Each exchange offer is conditioned on obtaining tenders for at least 85% of each outstanding note series. Neither offer is conditioned on completion of the other.

The company wrote to NewPage, "In light of substantially less participation by the early tender time as compared to the minimum participation thresholds, and based on the large disparity between what a group of non-participating noteholders has requested and what Verso is able to offer under the merger agreement governing the pending merger, Verso is concerned about its ability to consummate the exchange offers as required under the merger agreement," according to a previous 8-K filing with the Securities and Exchange Commission.

Offer details, background

The issuers are offering to exchange new second-priority adjustable senior secured notes and new adjustable senior subordinated notes for the old second-priority notes and the old subordinated notes, respectively.

In connection with the exchange offers, the issuers also are soliciting consents to amend the old second-lien notes, the old subordinated notes and the indentures governing the notes.

The proposed amendments will eliminate or waive substantially all of the restrictive covenants, eliminate some events of default, modify covenants about mergers and transfer of assets and modify or eliminate some other provisions.
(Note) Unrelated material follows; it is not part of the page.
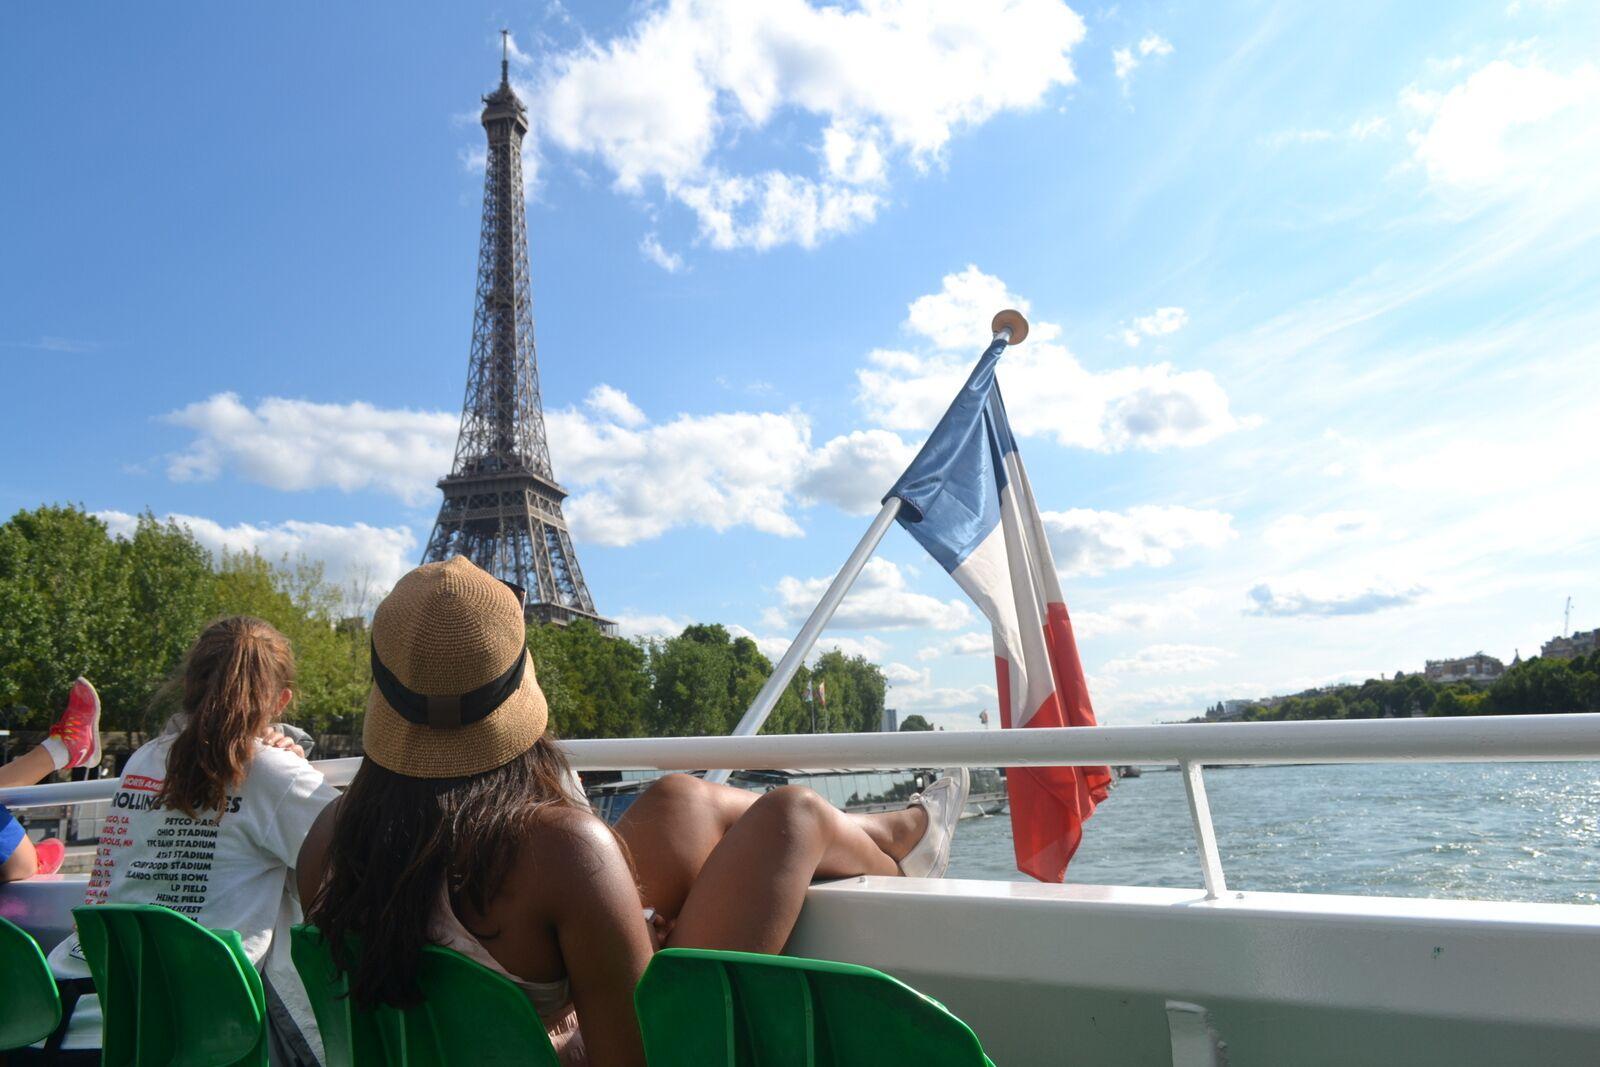 Summer Program - Adventure/Trips | Travel For Teens: Berlin, Paris, and London

In order to amend a series of notes, consents are needed from the holders of a majority of that series.

In addition, the consents for the old second-lien notes will authorize a release of the liens and security interests in the collateral securing the old second-lien notes. The collateral release requires consents by the holders of at least two-thirds of the old second-lien notes.

Holders will receive $1,000 principal amount of new notes in exchange for each $1,000 principal amount of old notes tendered by the early tender time, midnight ET on Jan. 27. This includes a consent and early tender payment of $30 per note.

The issuers will not pay accrued interest on the old notes exchanged for new notes; however, interest on the new notes will accrue from Feb. 1.

Note terms

Prior to the merger, the new second-lien notes will have substantially the same terms as the old second-lien notes, and the new subordinated notes will have substantially the same terms as the old subordinated notes, as previously noted.

Once the merger is completed, the principal amount of the new notes will be adjusted downward and their terms will be amended.

Each $1,000 principal amount of new second-lien notes will be adjusted to $470, the maturity date will be extended to Aug. 1, 2021, and the interest rate will be increased to 10%.

Each $1,000 principal amount of new subordinated notes will be adjusted to $570, the maturity date will be extended to Aug. 1, 2022, and the interest rate will be increased to 11½%.

For both series of notes, the optional redemption provisions will be amended and the notes will thereafter be governed by different covenants.

The new notes will be guaranteed by the wholly owned domestic restricted subsidiaries of Verso Paper Holdings LLC that guarantee its credit facilities. After the merger, the new notes also will be guaranteed by NewPage but not its subsidiaries.

The information agent is Global Bondholder Services Corp. (212 430-3774 for brokers and banks; others call 866 470-3700).

Verso Paper is based in Memphis. It makes coated papers and specialty products.